A prominent Sudanese editor and leader of the country's journalists' union has been detained, the federation said on Thursday, demanding Sudan's military rulers free him or allow him a trial.

Sadiq al-Rizaigi was detained on Wednesday, coinciding with the military's arrests of a top general, several security officers and Islamist leaders over a foiled coup attempt announced earlier this month.

The Sudanese Journalists' Union called on the ruling Transitional Military Council to "immediately release" its head Rizaigi, a prominent Islamist and editor of Al-Sayha newspaper, or put him on trial.

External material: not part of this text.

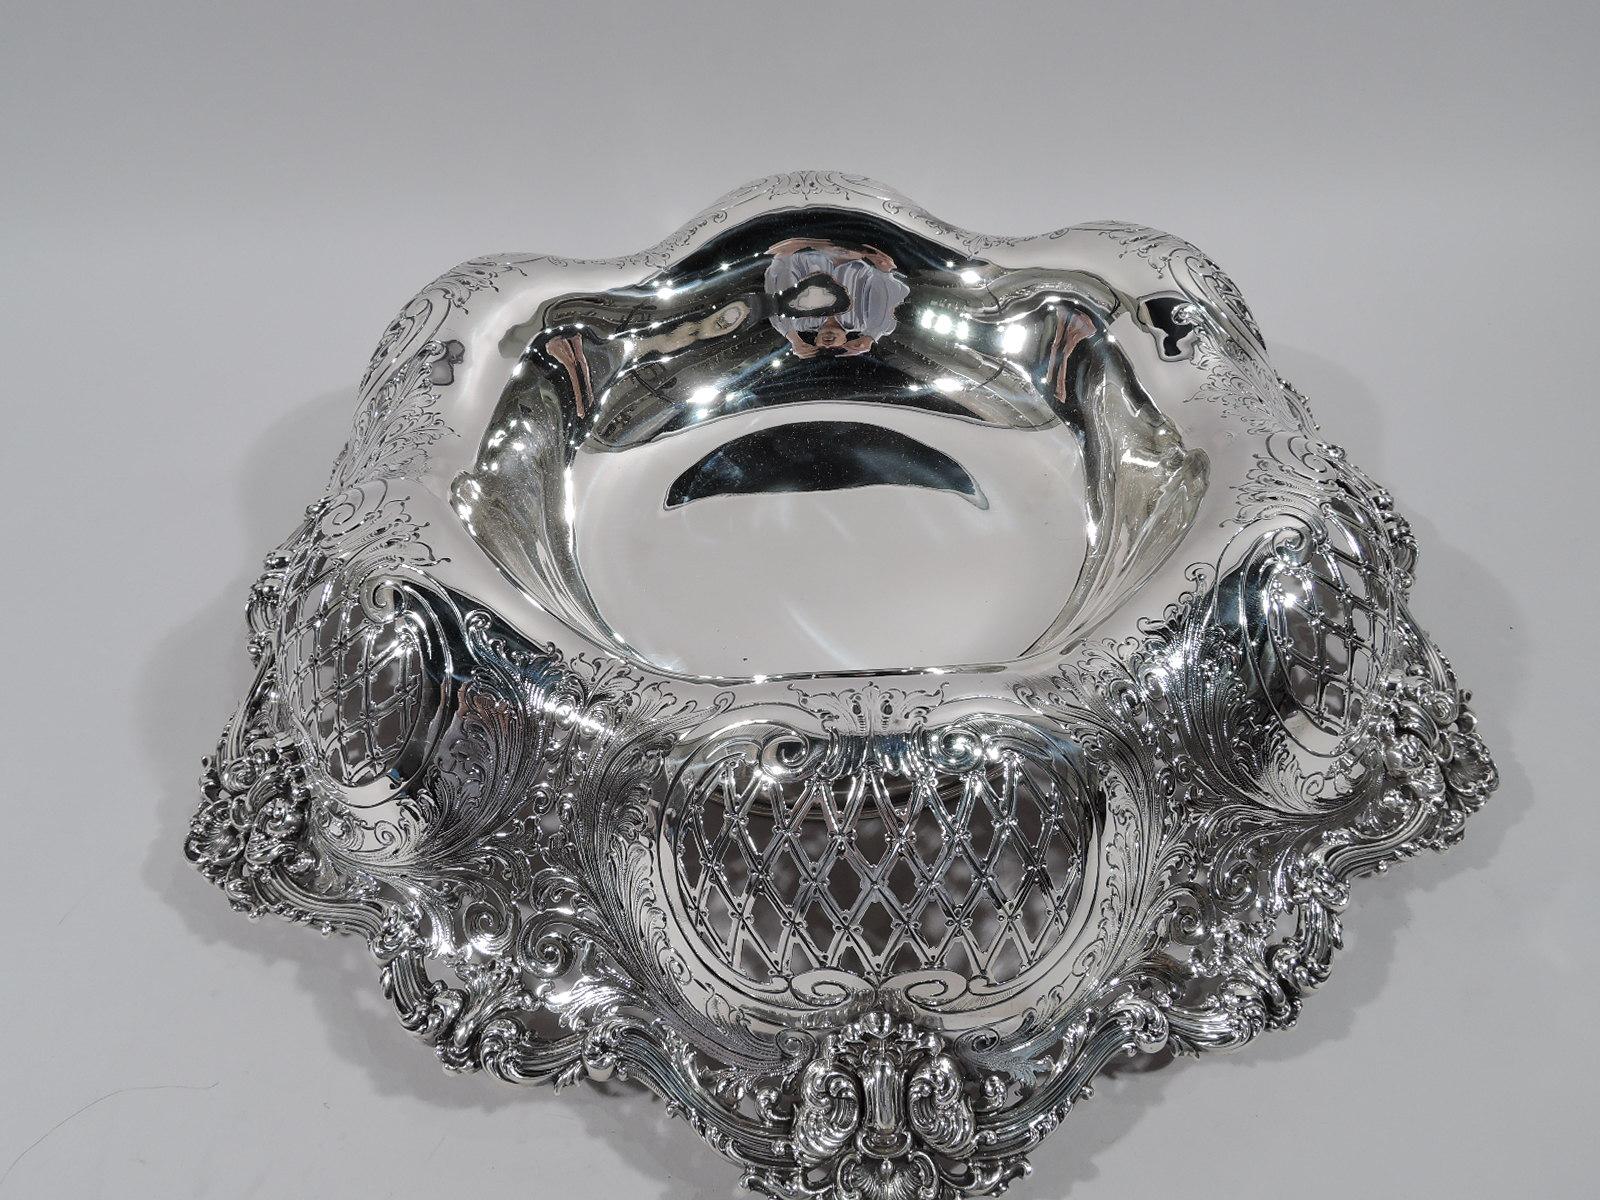 Gilded Age sterling silver centerpiece bowl. Made by Redlich in New York, ca 1900. Round solid well. Sides lobed and turned-down with pierced diaper in engraved leafy scrolled frames. Rim has reeded leaf-capped scrolls interspersed with leaves and

Security forces seized Rizaigi from outside the newspaper's premises, a senior journalist at the newspaper told AFP.

"We do not know where he is being held or the reasons for his detention," said Awad Jad Al-Sayid, news editor of Al-Sahya.

On Wednesday, the military announced several arrests in connection with a foiled coup attempt.

It said it had arrested General Hashim Abdel Mottalib, the head of the joint chiefs of staff, and a number of officers from the National Intelligence and Security Service (NISS) along with leaders of the Islamic Movement and the National Congress Party.

On 11 July, the military announced it had foiled a coup attempt without specifying when it took place.

Sudanese media also reported that among those arrested was General Bakri Hassan Saleh, a former first vice president and prime minister and a prominent figure in the 1989 coup that brought now ousted president Omar al-Bashir to power. 

Also arrested was Ali Karty, a former foreign minister and Zubair Ahmed Hassan, an ex-finance minister, according to the reports.

During Bashir's three-decade rule, the press was severely curtailed, according to media activists.

NISS agents cracked down regularly on journalists or confiscated entire print-runs of newspapers for publishing articles deemed critical of Bashir's policies.

Media watchdog Reporters Without Borders (RSF) recorded at least 100 cases of journalists being arrested during the months of protests that finally led to Bashir's ouster in April.

RSF ranks Sudan 175th out of 180 countries in its 2019 World Press Freedom Index.